In the end it comes down to a choice between Turlough betraying the Doctor on the one hand, to be rewarded by "ultimate power", or his ultimately freeing himself from the Black Guardian's thrall on the other. Turlough chose well, as we all knew he would. I only hope I can show the same strength of character.
I adore Doctor Who. Very nearly as much as Transformers, which for anyone who knows me says A LOT. Both franchises have been inextricably intertwined with my life since my very earliest memories and continue to bring me enormous pleasure. However ('Who-ever', hehe) my love of Doctor Who was allowed to lie dormant by comparison with those Transforming mechanoids. I avidly watch the new series, of course, but that's pretty much where it stopped...until recently. Until the day I spotted The Five Doctors DVD for a crisp £5 on Amazon and a surge of nostalgic memories overwhelmed me into purchasing it on the spot. Since then, well, I've decided I'd very much like to own the rest of the series, please, thank you very much. In fact, not owning anything more than the first three seasons of Nu-Who is, by my very geeky collecting standards, a bewildering ommission.
Here's where the choice comes in; To Pirate, or not to Pirate!
The entire series is available for download in the, ah, less regulated corners of the Internet. Coming in at an eye-watering 230Gb, it would probably take months to completely download but that's an acceptable effort for a prize of that magnitude, for any fan worth his salty biscuits. The alternative, the 'White' choice, is to slowly and painstakingly track each DVD release down and spend my hard-earned upon them.
Having watched several of the DVDs it really is no contest. I'm going to buy them all. And here's why:

Not my DVD collection, by the way. Not yet...
If there's one thing the BBC know after decades of 'making do'(1) with our TV license fees(2) it is how to give value for money. 2|entertain, the wholly owned subsidiary of BBC Worldwide, have worked very very hard on their DVD releases in two distinct ways.
First, they squeeze in as much extra content as they can conceivaby fit on a DVD. The usual plethora of commentaries and interviews with the actors and programme makers (an overwhelming number of whom are eager to come back time and again (ho ho) to share their memories), short documentaries about different aspects of the Doctor Who phenomenon (Mawdryn Undead came with a fascinating and ultra-nostalgic piece on the rise of Doctor Who on VHS, and the differences between Fans then and Fans now), shooting scripts, storyboards, PDFs...the lists are practically endless. But that's fairly de riguer for this genre, although most companies are perhaps not quite as meticulous or generous about it as the BBC.
The second thing that 2|entertain do with their releases is perhaps the most insipring, the factor that has me convinced into making myself significantly poorer over the coming year: they care for their subject material. As a baseline this means cleaning up the quality to as high a standard as they can, broadcast quality at the very least. Picture and sound are crisped and perfected on every DVD. But for the more special releases, the more popular and succesful stories, they go the extra mile - and then a mile or two even beyond that - by looking closely at what they have, recognising weak points, and in many cases, replacing them with something that works better.
I imagine I can hear a huge cry from assembled fandom, as if a million voices cried out...and were suddenly outraged! Yes, in the modern era of Lucas-ian computer-aided butchery of classic properties ('butchery' is the best word for the damage George Lucas has done to his original trilogy) this could well give cause for considerable concern. But relax, O ye frantic one, the BBC is not driven by the same twisted combination of autistic auterism that Sir Flannel Bullfrog-Neck is. Certainly not in what I've seen so far, anyway. It also helps enormously that where 2|entertain do make these alterations they also never fail to offer the original version in the same package, letting you - the customer - choose which one you prefer! Good lord, the very idea!
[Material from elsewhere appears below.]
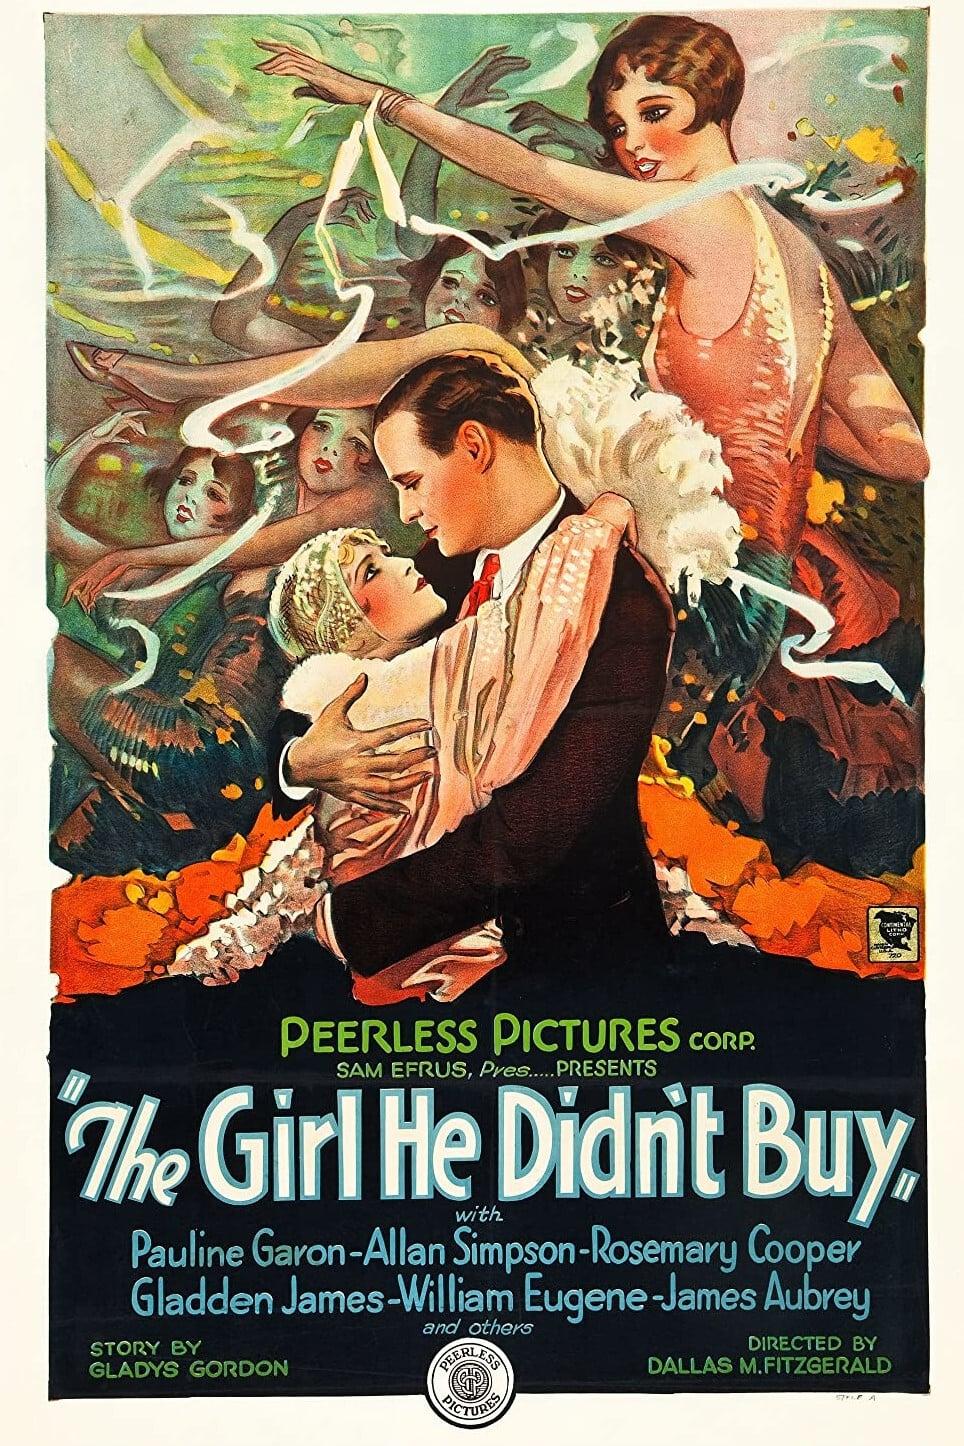 The Girl He Didn't Buy poster

The Third Doctor practises his Venusian Karate 'Suck-face' while companion Jo Grant fights a sudden compulsion to strip naked...
Day of the Daleks, a 1970s Third Doctor adventure of some notoriety, recently received a 'special edition' that not only re-edited and shot some new scenes for the ending to include many more Daleks and soldiers fighting and dying in the final battle (including shooting scenes back at the original location!), not only went through the entire serial and tidied up/modernised many of the slightly ropey-looking effects (and some of the very ropey ones as well) but ALSO - and this is the thing that earns a standing ovation from me - used modern Dalek voice actor supremo, Nicholas Briggs, to redo the entirety of the Dalek vocal work! The original Dalek voices were surprisingly awful and had long been derided by fans. The result: this adventure now sparkles and holds its head up extremely high in my small but growing collection.
In the Black Guardian trilogy, both Mawdryn Undead and Terminus were granted new CGI re-edits that replaced many of the dodgy and/or painfully cheap effects from the original production. The result, while not completely succesful, is much cleaner, slicker and less jarring to modern audiences (which has got to be the prime reason behind any such restoration work - hook the young-un's!). Enlightenment, on the other hand, was completely re-edited into a feature-length version of itself - no chapters - with masterful CGI blended superbly to the already gorgeous photography. Scenes were trimmed, re-orderd, and even lengthened as appropriate, all by the original director invited back to give one last polish to her work. What's even more astonishing is that the budgets for these restorations are usually pitiful; the team behind the changes to Day of the Daleks all made that point in their interviews, and you could see them shaking their heads in astonishment at what they actually managed to achieve, bless 'em!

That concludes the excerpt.